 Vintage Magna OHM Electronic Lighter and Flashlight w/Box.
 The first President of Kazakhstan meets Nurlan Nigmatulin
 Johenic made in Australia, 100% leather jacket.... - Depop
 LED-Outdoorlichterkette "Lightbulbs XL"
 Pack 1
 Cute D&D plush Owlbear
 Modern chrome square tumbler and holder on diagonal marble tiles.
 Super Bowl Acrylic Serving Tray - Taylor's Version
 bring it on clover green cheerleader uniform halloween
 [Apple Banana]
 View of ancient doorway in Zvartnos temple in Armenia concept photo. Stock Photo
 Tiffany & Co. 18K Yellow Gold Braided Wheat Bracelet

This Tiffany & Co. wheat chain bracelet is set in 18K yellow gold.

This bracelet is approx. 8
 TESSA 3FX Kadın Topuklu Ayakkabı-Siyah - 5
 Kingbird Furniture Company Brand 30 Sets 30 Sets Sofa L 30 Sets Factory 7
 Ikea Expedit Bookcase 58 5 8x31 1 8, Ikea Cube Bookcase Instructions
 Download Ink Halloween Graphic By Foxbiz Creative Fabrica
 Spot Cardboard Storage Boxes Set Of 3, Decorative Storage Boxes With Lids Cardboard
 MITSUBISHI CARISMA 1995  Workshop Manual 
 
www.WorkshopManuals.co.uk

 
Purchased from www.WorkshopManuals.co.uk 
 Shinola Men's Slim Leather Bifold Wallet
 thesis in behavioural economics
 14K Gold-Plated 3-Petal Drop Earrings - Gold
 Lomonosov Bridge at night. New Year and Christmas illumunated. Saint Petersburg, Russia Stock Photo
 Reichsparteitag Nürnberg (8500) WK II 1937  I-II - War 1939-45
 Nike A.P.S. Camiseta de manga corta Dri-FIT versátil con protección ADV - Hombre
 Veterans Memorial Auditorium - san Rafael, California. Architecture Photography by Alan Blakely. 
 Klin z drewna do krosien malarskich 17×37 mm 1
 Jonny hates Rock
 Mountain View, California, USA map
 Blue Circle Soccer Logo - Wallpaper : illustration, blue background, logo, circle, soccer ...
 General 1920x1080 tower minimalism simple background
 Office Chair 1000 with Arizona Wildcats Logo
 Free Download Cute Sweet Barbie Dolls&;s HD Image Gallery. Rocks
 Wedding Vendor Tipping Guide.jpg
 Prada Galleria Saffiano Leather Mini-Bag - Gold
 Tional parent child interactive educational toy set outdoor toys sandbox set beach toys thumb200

§ EXERCISE DESCRIPTION
Please output each entry above exactly, leaving nothing out.

§ TASK OUTPUT
 Vintage Magna OHM Electronic Lighter and Flashlight w/Box.
 The first President of Kazakhstan meets Nurlan Nigmatulin
 Johenic made in Australia, 100% leather jacket.... - Depop
 LED-Outdoorlichterkette "Lightbulbs XL"
 Pack 1
 Cute D&D plush Owlbear
 Modern chrome square tumbler and holder on diagonal marble tiles.
 Super Bowl Acrylic Serving Tray - Taylor's Version
 bring it on clover green cheerleader uniform halloween
 [Apple Banana]
 View of ancient doorway in Zvartnos temple in Armenia concept photo. Stock Photo
 Tiffany & Co. 18K Yellow Gold Braided Wheat Bracelet

This Tiffany & Co. wheat chain bracelet is set in 18K yellow gold.

This bracelet is approx. 8
 TESSA 3FX Kadın Topuklu Ayakkabı-Siyah - 5
 Kingbird Furniture Company Brand 30 Sets 30 Sets Sofa L 30 Sets Factory 7
 Ikea Expedit Bookcase 58 5 8x31 1 8, Ikea Cube Bookcase Instructions
 Download Ink Halloween Graphic By Foxbiz Creative Fabrica
 Spot Cardboard Storage Boxes Set Of 3, Decorative Storage Boxes With Lids Cardboard
 MITSUBISHI CARISMA 1995  Workshop Manual 
 
www.WorkshopManuals.co.uk

 
Purchased from www.WorkshopManuals.co.uk 
 Shinola Men's Slim Leather Bifold Wallet
 thesis in behavioural economics
 14K Gold-Plated 3-Petal Drop Earrings - Gold
 Lomonosov Bridge at night. New Year and Christmas illumunated. Saint Petersburg, Russia Stock Photo
 Reichsparteitag Nürnberg (8500) WK II 1937  I-II - War 1939-45
 Nike A.P.S. Camiseta de manga corta Dri-FIT versátil con protección ADV - Hombre
 Veterans Memorial Auditorium - san Rafael, California. Architecture Photography by Alan Blakely. 
 Klin z drewna do krosien malarskich 17×37 mm 1
 Jonny hates Rock
 Mountain View, California, USA map
 Blue Circle Soccer Logo - Wallpaper : illustration, blue background, logo, circle, soccer ...
 General 1920x1080 tower minimalism simple background
 Office Chair 1000 with Arizona Wildcats Logo
 Free Download Cute Sweet Barbie Dolls&;s HD Image Gallery. Rocks
 Wedding Vendor Tipping Guide.jpg
 Prada Galleria Saffiano Leather Mini-Bag - Gold
 Tional parent child interactive educational toy set outdoor toys sandbox set beach toys thumb200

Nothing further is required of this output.